Sean Stein Smith - Lehman College professor and member of the Advisory Council of the Wall Street Blockchain Alliance also had an article published on Forbes, talking about 3 reasons stablecoins will have a breakthrough year in 2024, including:

  • Stablecoins have clear business applications:

The majority of payments, including US dollars, already take place virtually, so the rise of cryptocurrency transactions – many of which are backed by USD – is logical. physical.
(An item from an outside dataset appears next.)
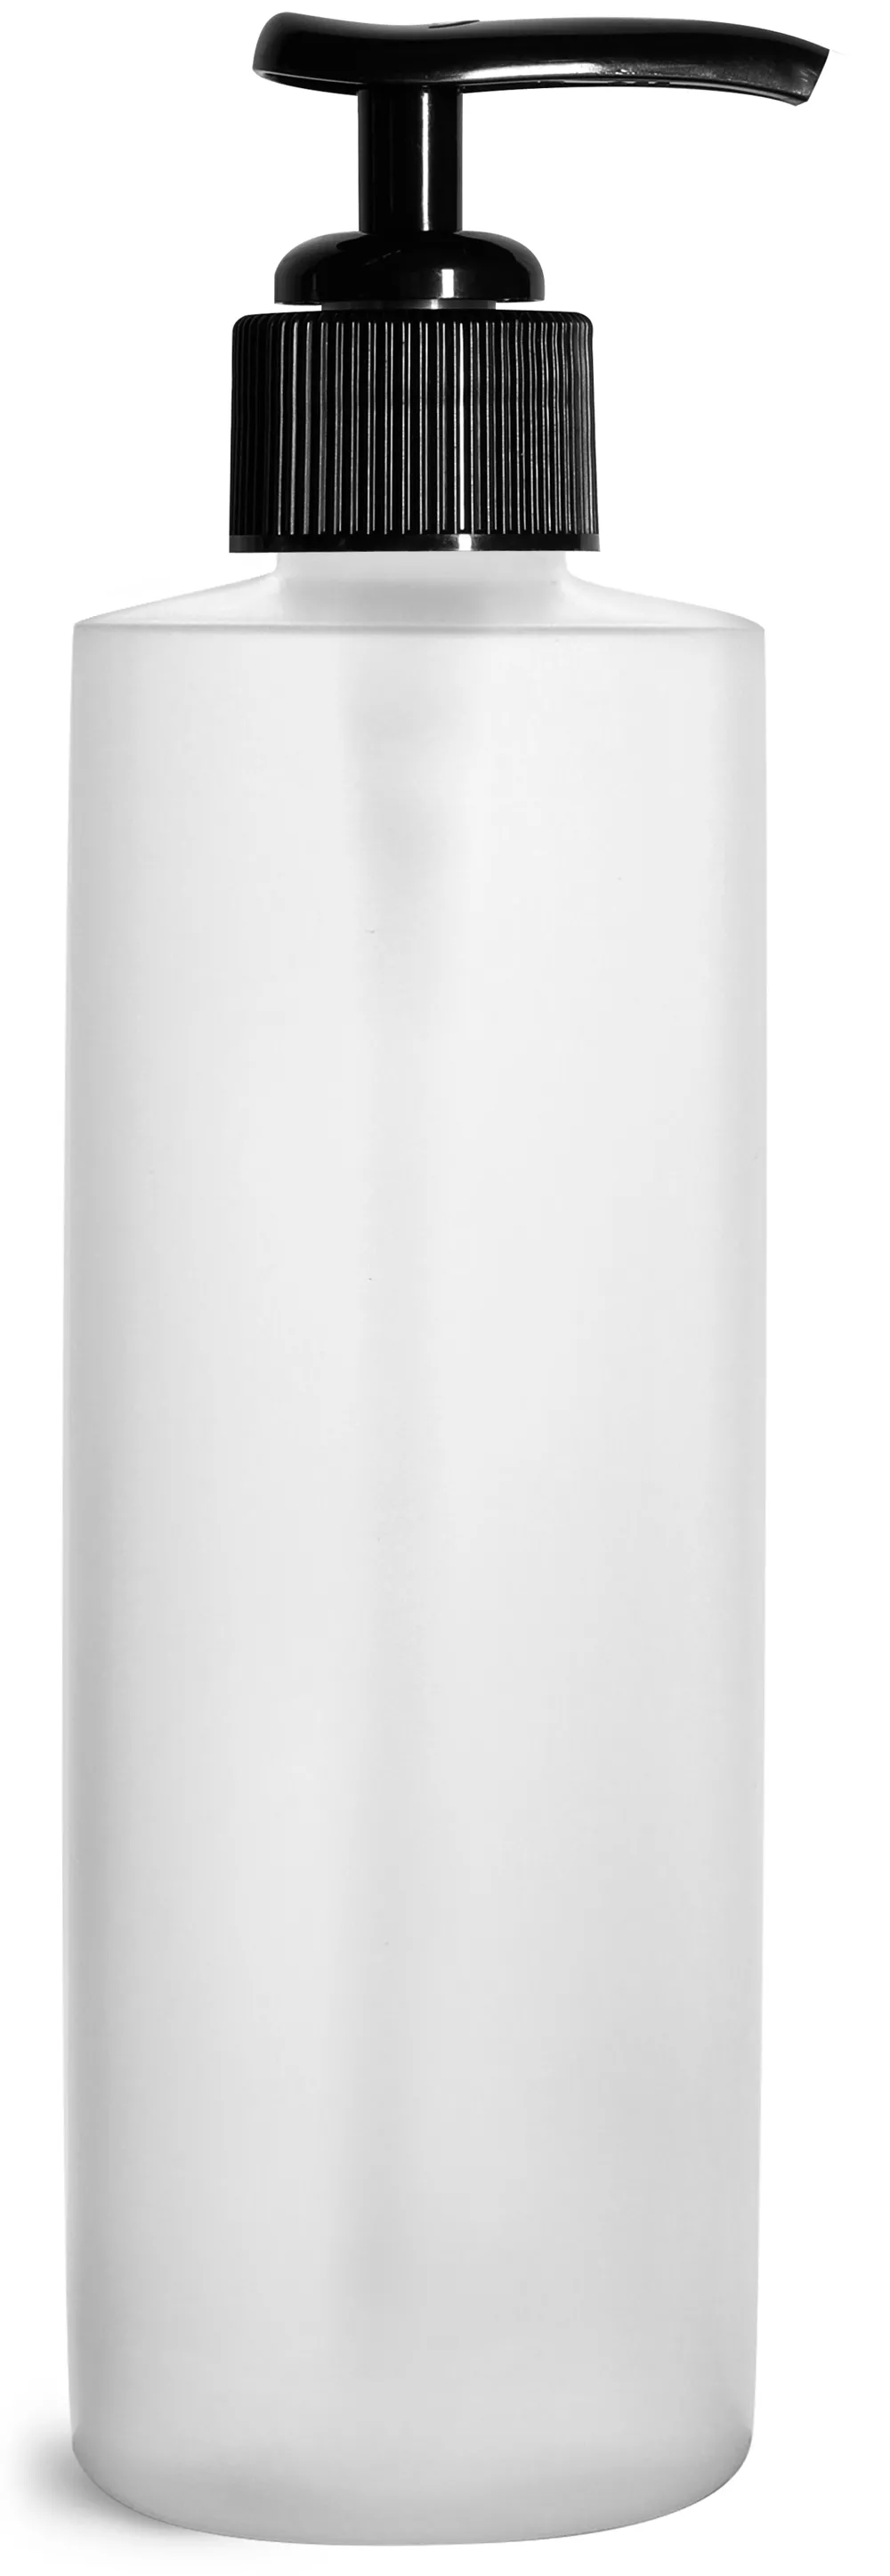 8 oz Natural HDPE Cylinder Bottles w/ Black Ribbed Polypropylene Lotion Pumps

Efficiency, low costs, and the modernization of the US dollar are strong tailwinds that appear to continue to support stablecoin popularity.

  • The tendency to hold low volatility assets will increase

Following the volatility that many crypto assets have experienced over the past few years, the appeal and interest in lower volatility crypto assets continues to grow.

At the same time, the push for a bitcoin spot ETF has also increased, indicating interest in low-volatility crypto assets, driven by the fact that larger institutional inflows will result in fewer more volatile over time

  • Stablecoins represent the leadership of the USD

With over 90% of all stablecoin transactions taking place in USD-pegged tokens, the United States stands to benefit from increased stablecoin adoption, even if some regulators are slow to recognize the benefits that these types Other cryptocurrencies may yield.


2024 opens up new opportunities for stablecoins in general and VNST in particular. In particular, the potential for cryptocurrency to be widely applied to Vietnamese users will create a launching pad for VNST in the journey of providing safe, stable and convenient financial solutions for users.